*** DATA EXCERPT

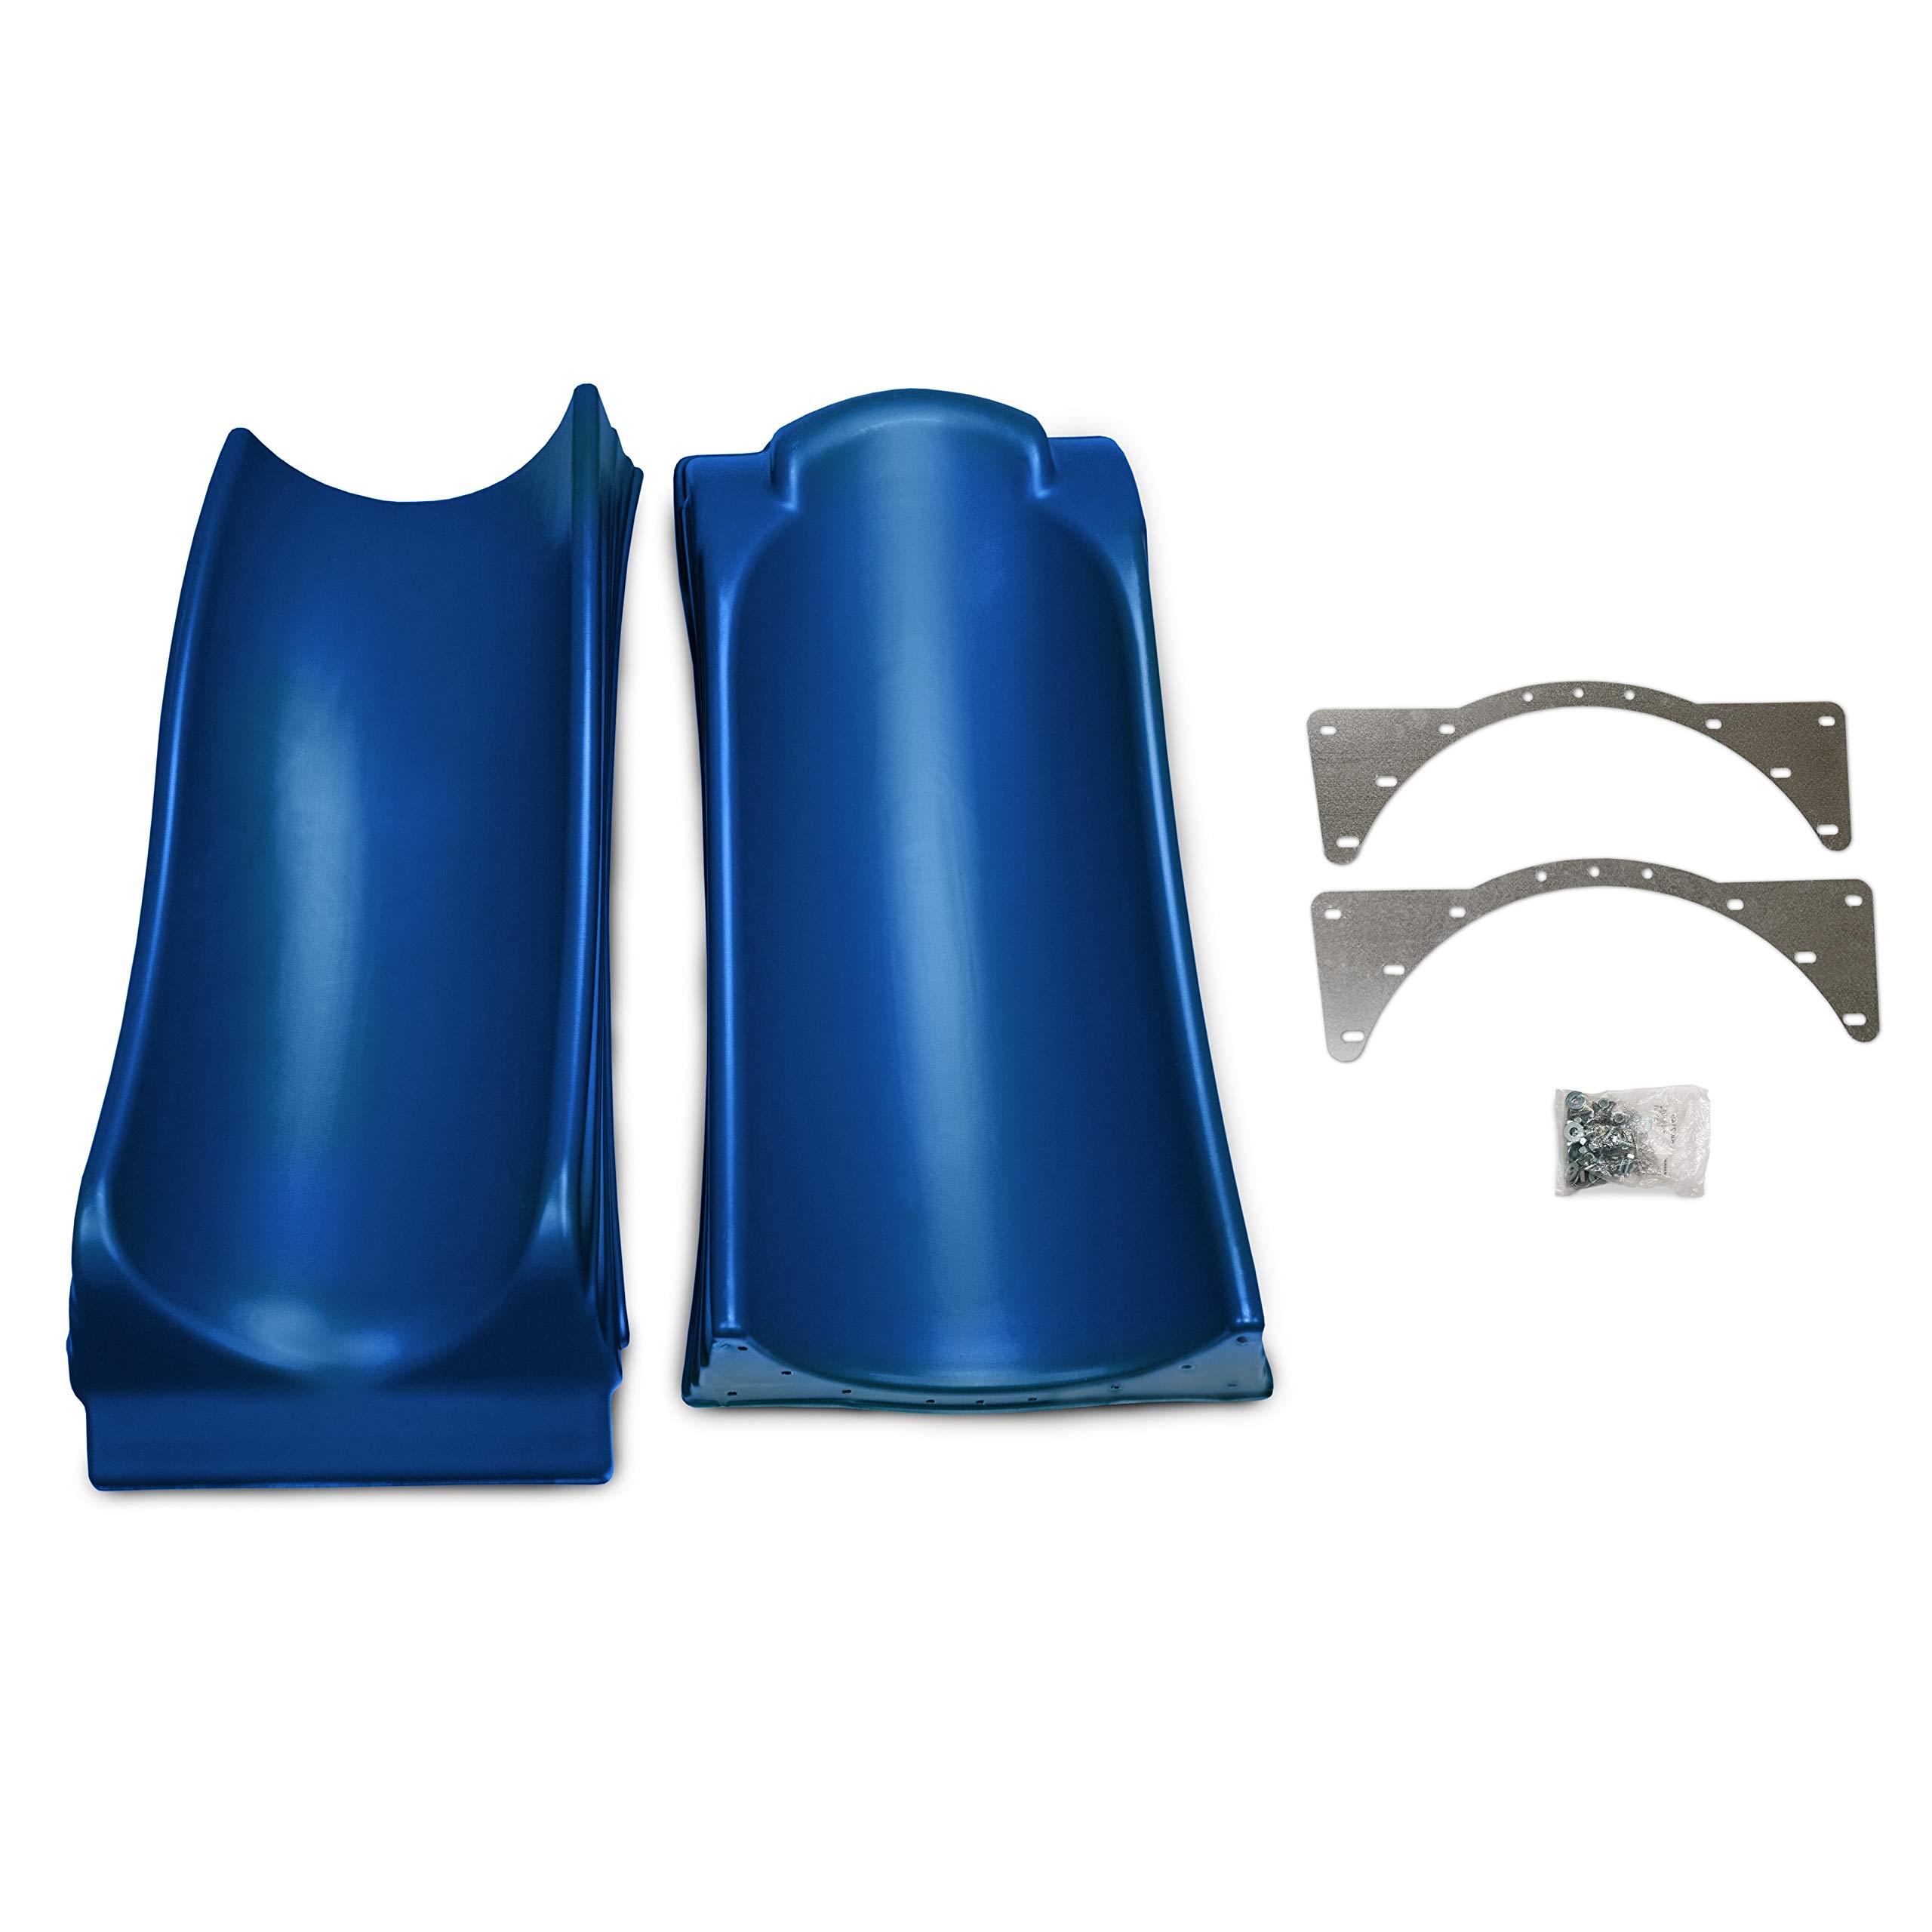 Swing-N-Slide WS 5032 Olympus Wave Slide 2 Piece Plastic Slide for 5' Decks, Blue by Swing-N-Slide (Image #5)
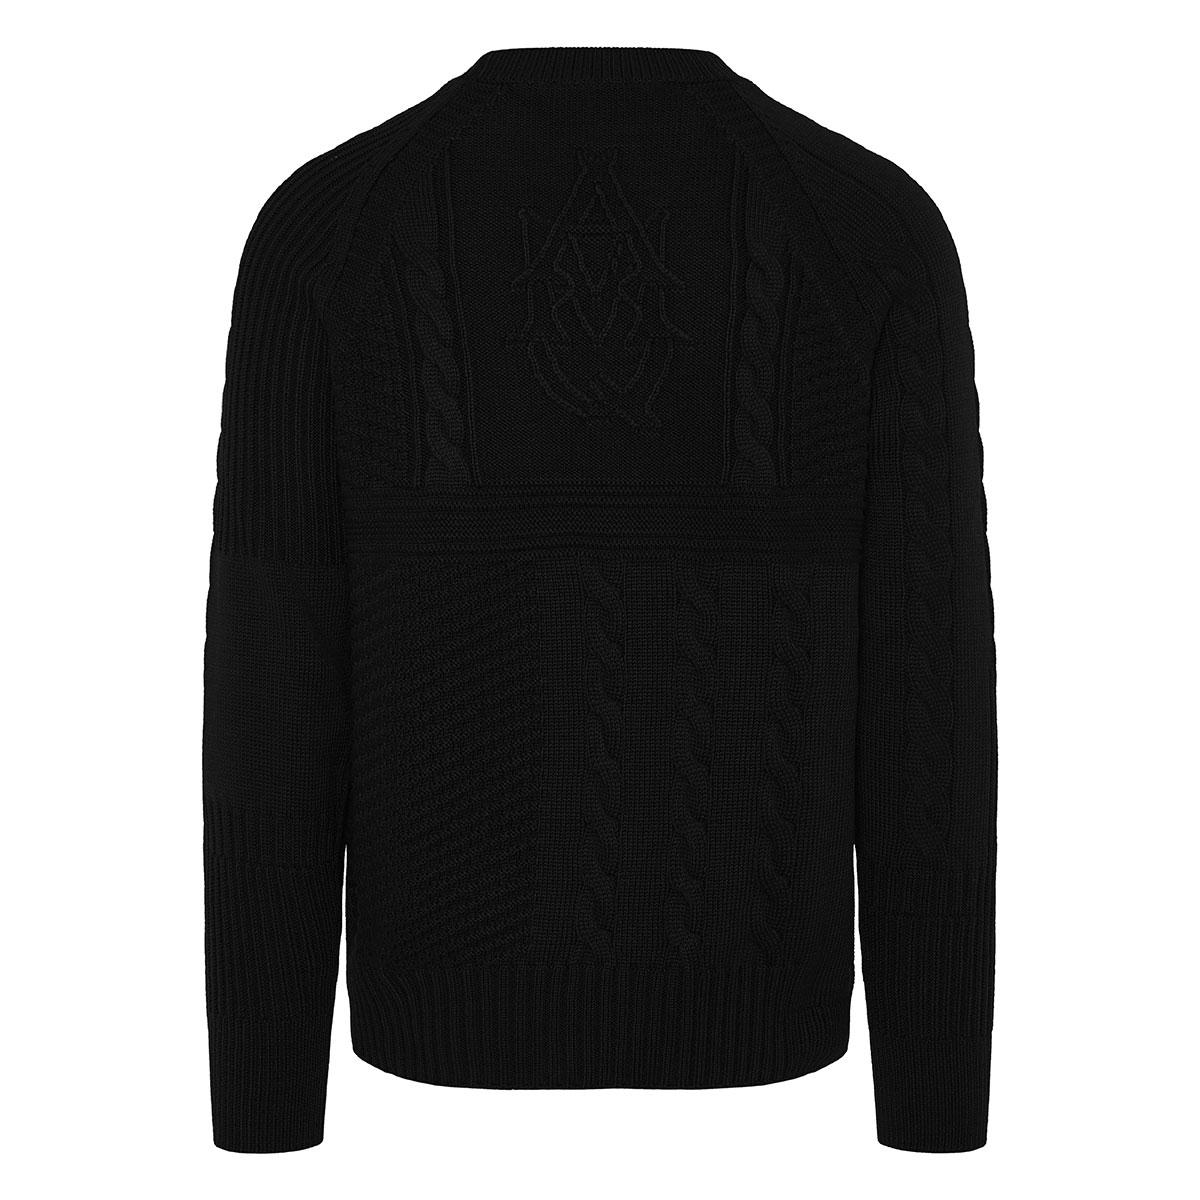 Textured skull sweater
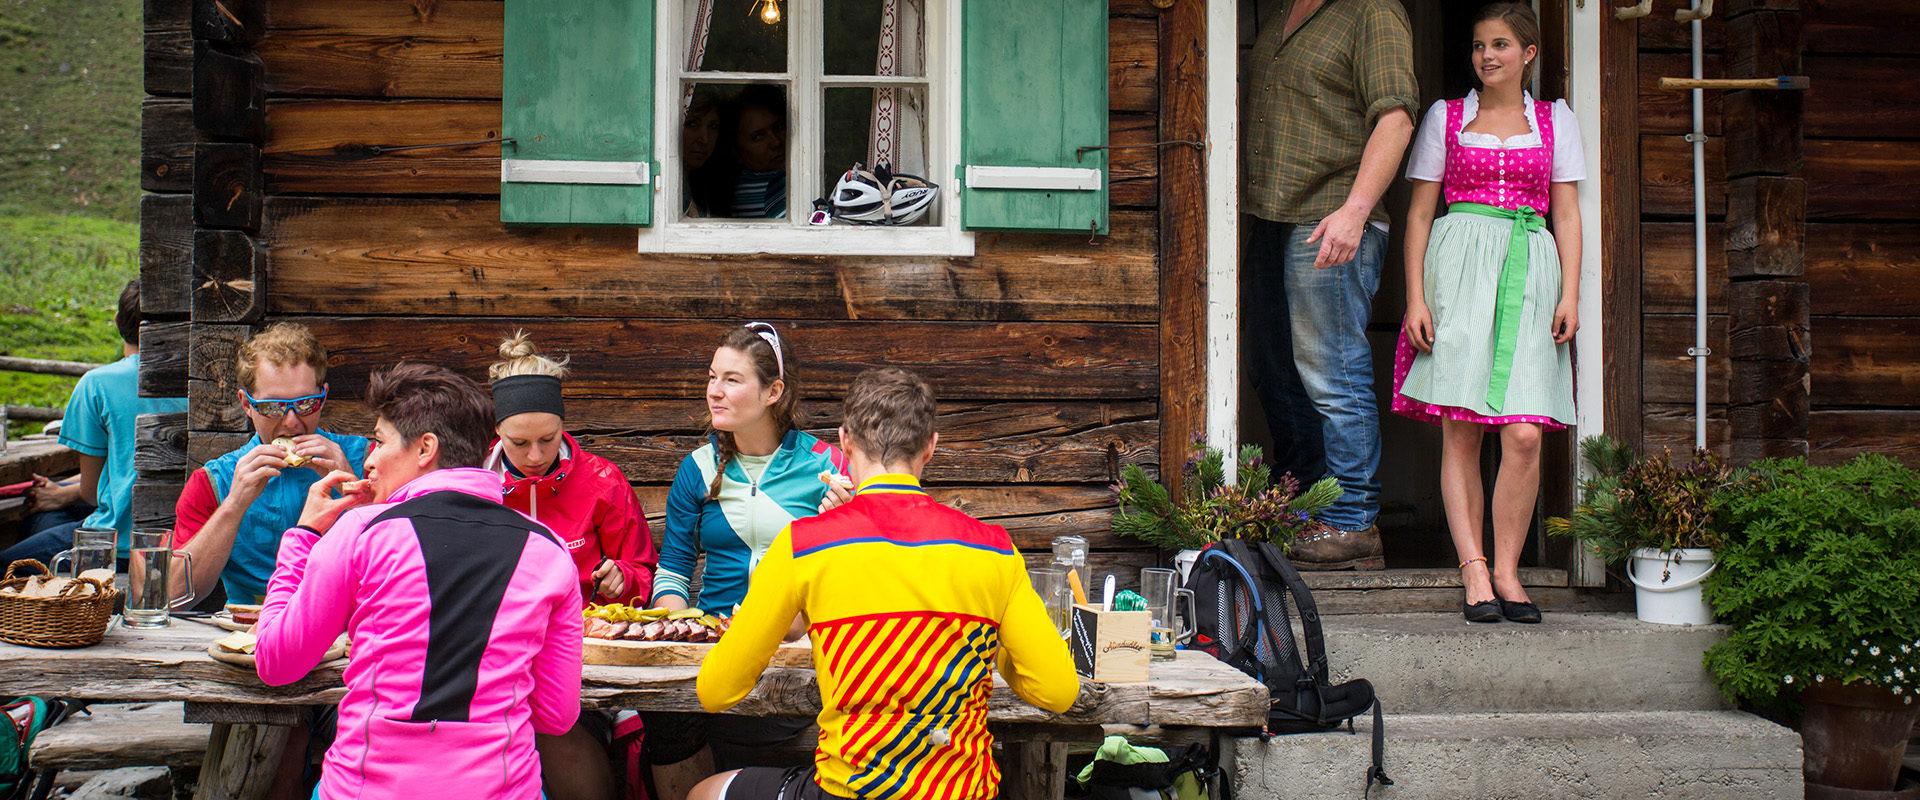 Jause und Brotzeit auf Alm nach Mountainbiketour

******

*GOAL OF THE EXERCISE*:
Every line from the one with "Textured skull sweater" through the last line of the data must be copied exactly. Leave the pictures out.

*RESPONSE AREA*:
 Textured skull sweater
 Jause und Brotzeit auf Alm nach Mountainbiketour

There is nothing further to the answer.